START RAW DATA

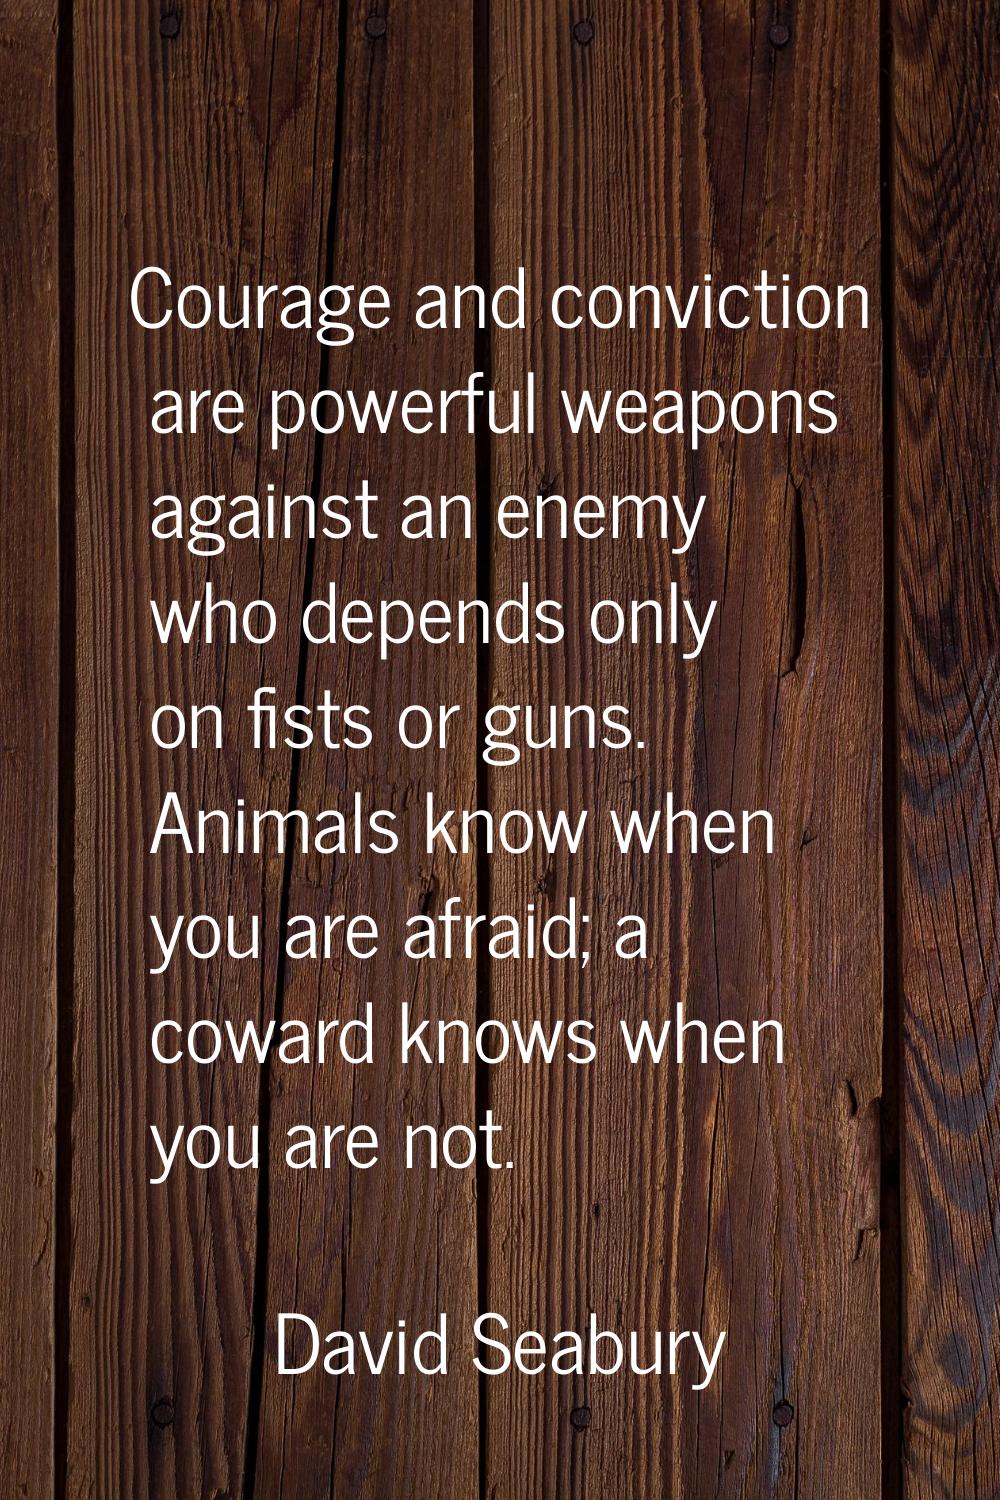 Courage and conviction are powerful weapons against an enemy who depends only on fists or guns. Ani
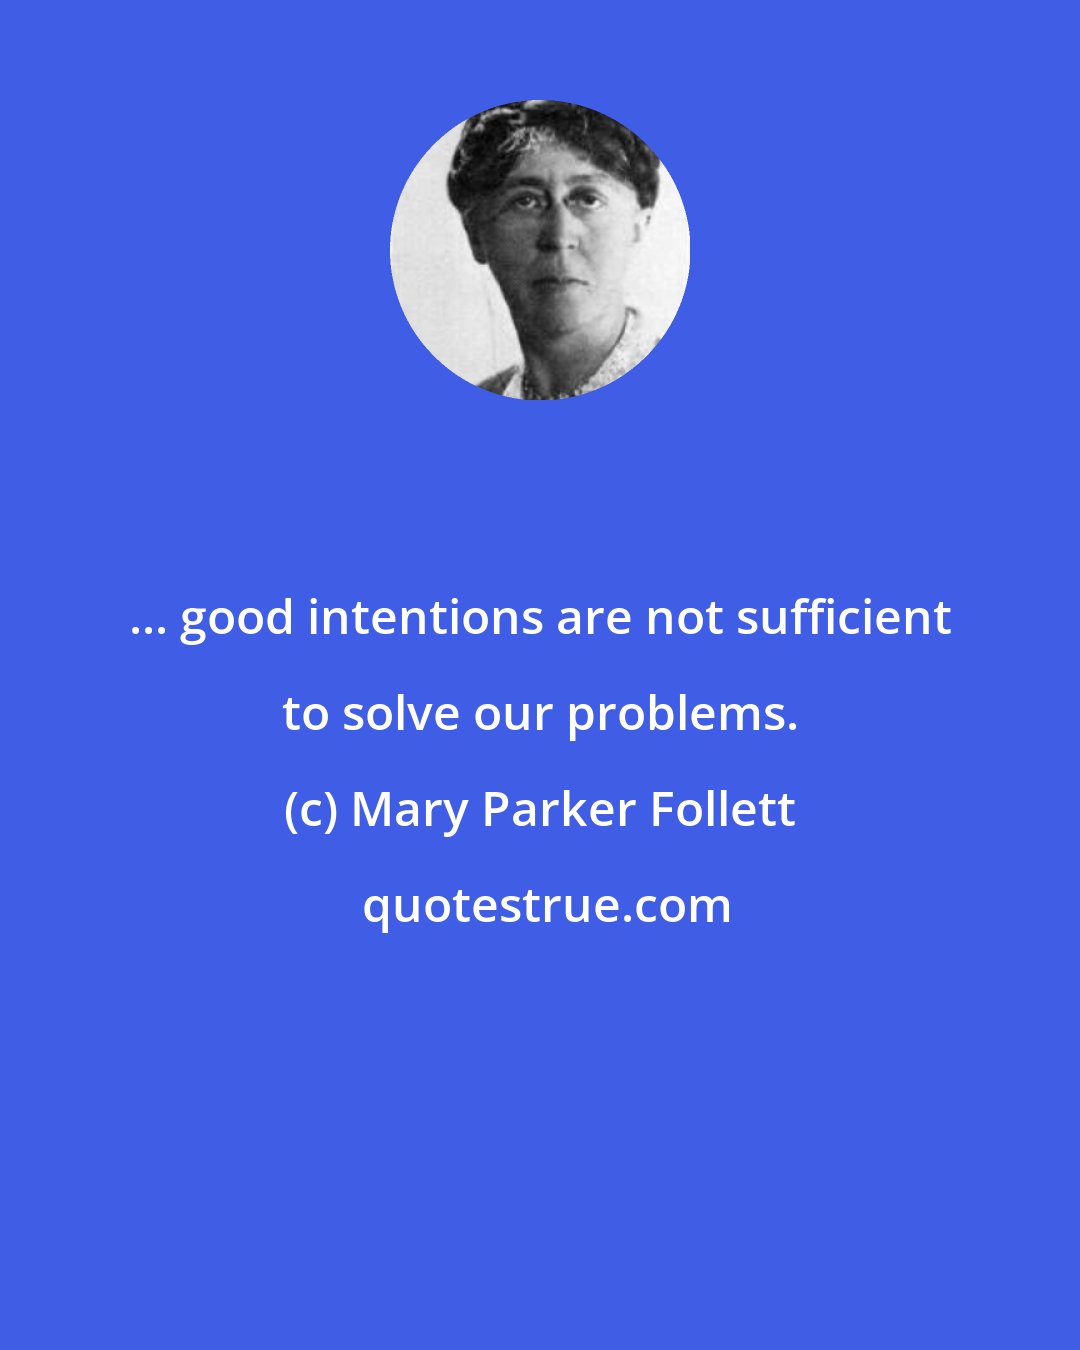 Mary Parker Follett: ... good intentions are not sufficient to solve our problems.
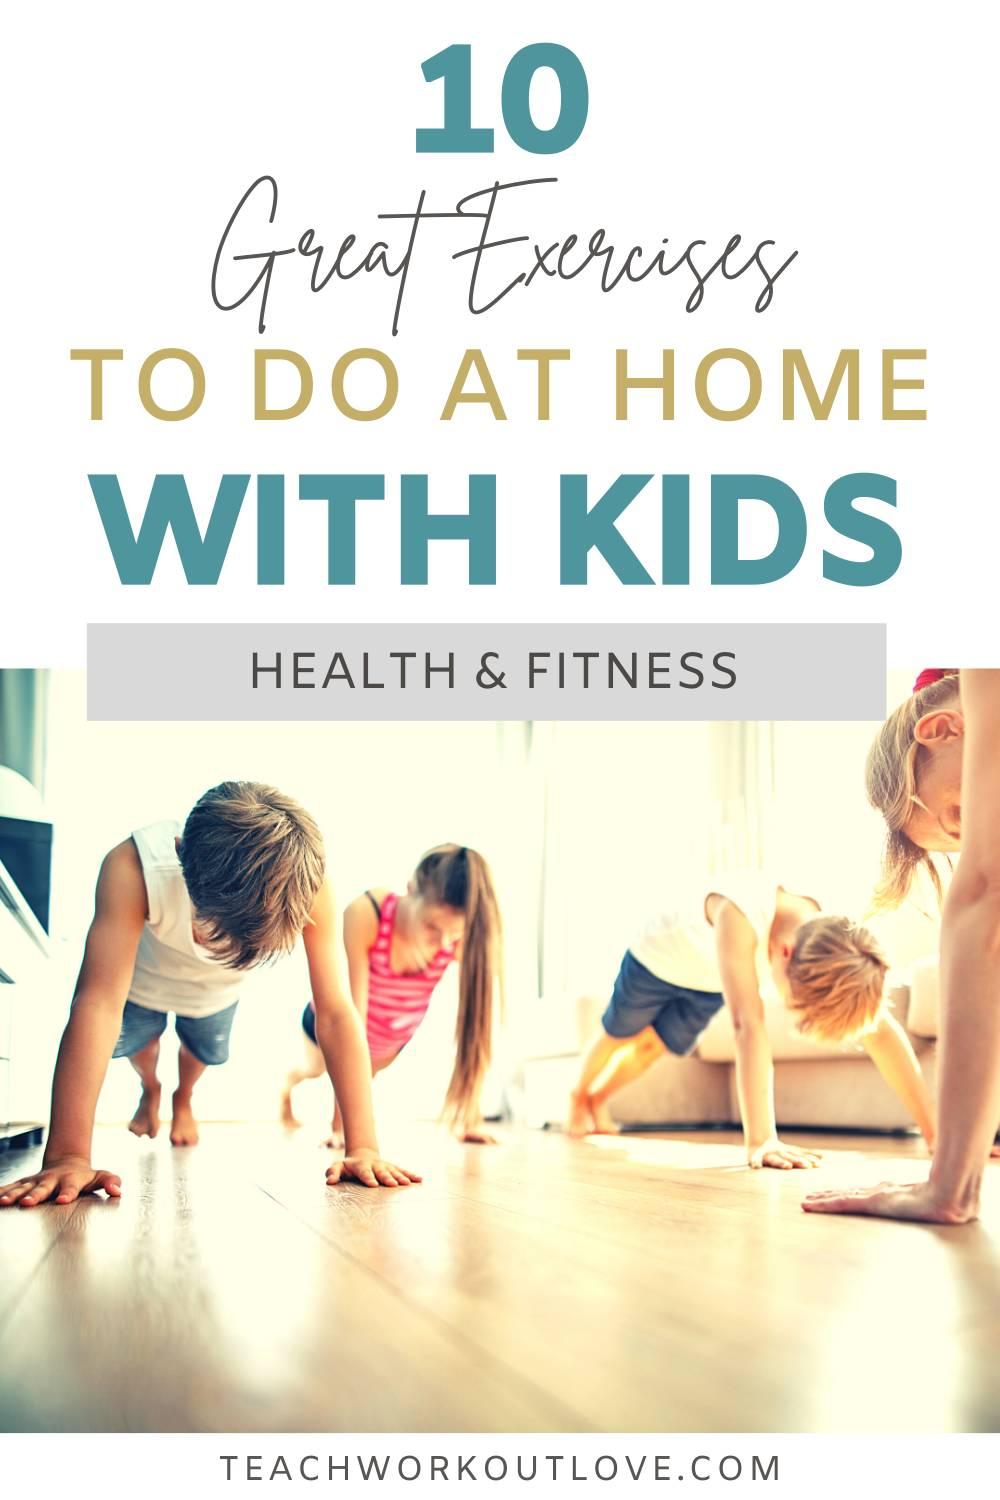 After being inside all winter, now is the time to get your kids to start exercising. Here are some fun exercises for kids to do at home.

END RAW DATA

TASK GOAL – Make a word-for-word repeat of the material, skipping all pictures.

WRITTEN RESPONSE –
 Courage and conviction are powerful weapons against an enemy who depends only on fists or guns. Ani
 Mary Parker Follett: ... good intentions are not sufficient to solve our problems.
 After being inside all winter, now is the time to get your kids to start exercising. Here are some fun exercises for kids to do at home.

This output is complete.